Guida destacou a importância da presença da Ufac em um espaço voltado ao diálogo internacional e à construção de parcerias acadêmicas. Segundo a reitora, a aproximação entre Brasil e África por meio da educação, da pesquisa, da inovação e da troca de experiências permite avançar em soluções conjuntas para desafios comuns. “Temos histórias, identidades e desafios que nos aproximam, e a universidade tem um papel fundamental nessa conexão”, afirmou.

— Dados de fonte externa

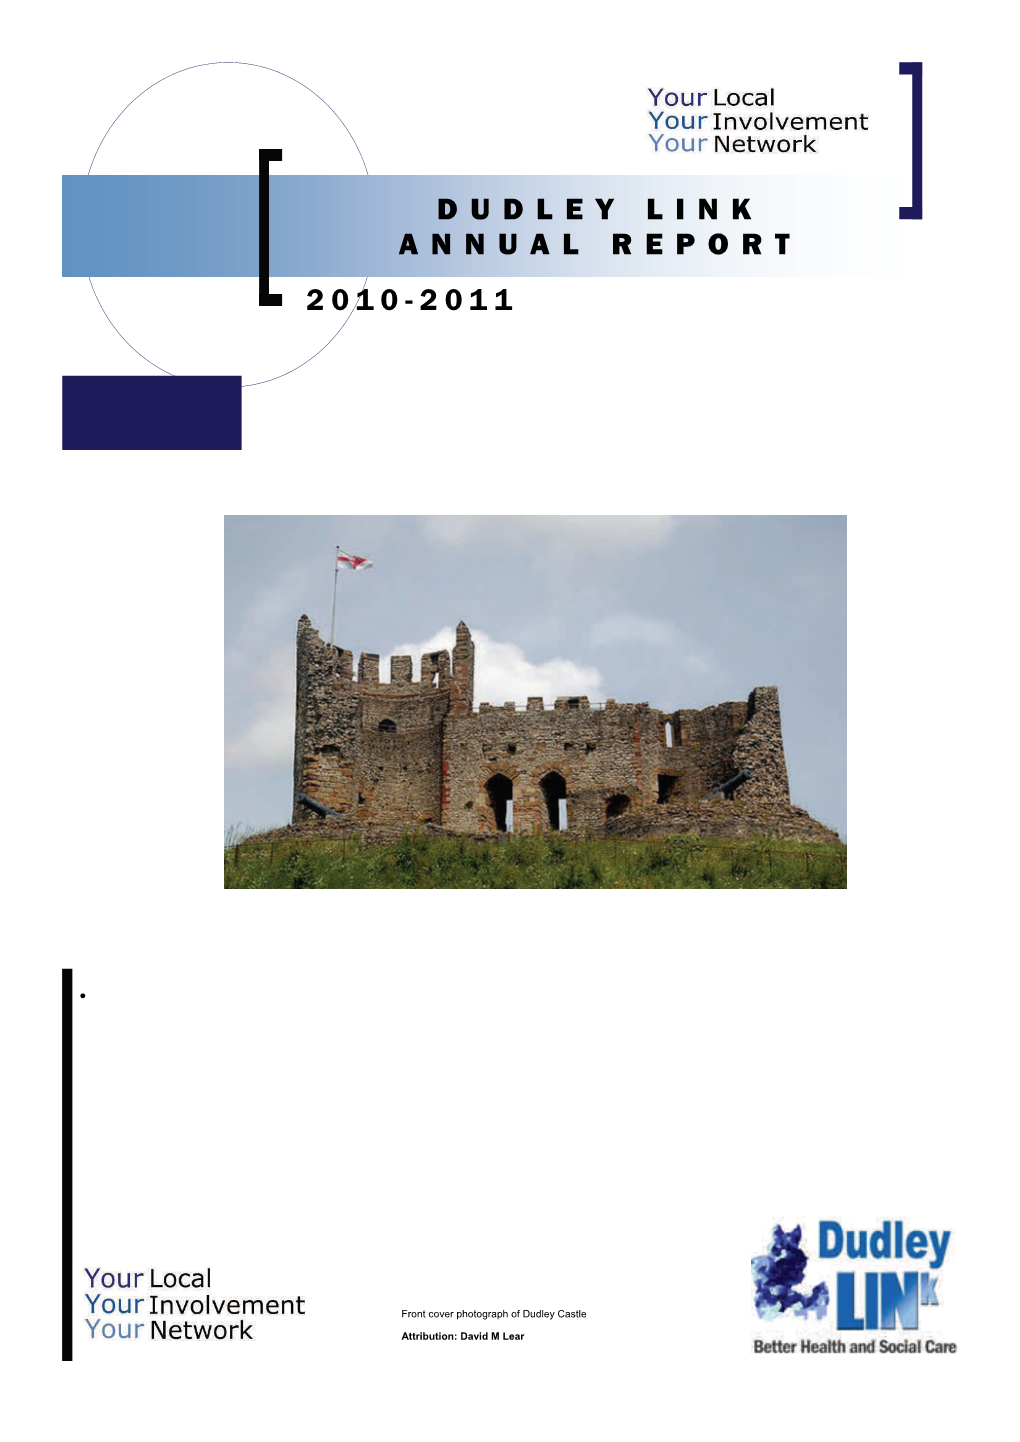 2010-2011 Dudley Link Annual Report

O fórum é uma iniciativa liderada pelo MEC, pela Coordenação de Aperfeiçoamento de Pessoal de Nível Superior e pela Associação Nacional dos Dirigentes das Instituições Federais de Ensino Superior. A programação reúne reitores, pró-reitores e assessores de cooperação internacional de universidades federais, estaduais e privadas do Brasil, além de representantes de universidades africanas mobilizadas pela Associação de Universidades Africanas.

A proposta do encontro é ampliar as relações acadêmicas entre Brasil e África, com a construção de novos acordos institucionais, programas de mobilidade estudantil, intercâmbio científico e cooperação em áreas estratégicas como agricultura, energias renováveis, mineração, petróleo e gás, setor aeroespacial, inteligência artificial e ciências humanas.
A programação inclui painéis temáticos, reuniões bilaterais, workshops e sessões voltadas à construção de novas parcerias universitárias. Ao final do evento, os resultados e compromissos construídos serão formalizados na Carta de Brasília do 1º Fórum de Reitores Brasil-África, documento que deve orientar os próximos passos da cooperação entre universidades brasileiras e africanas.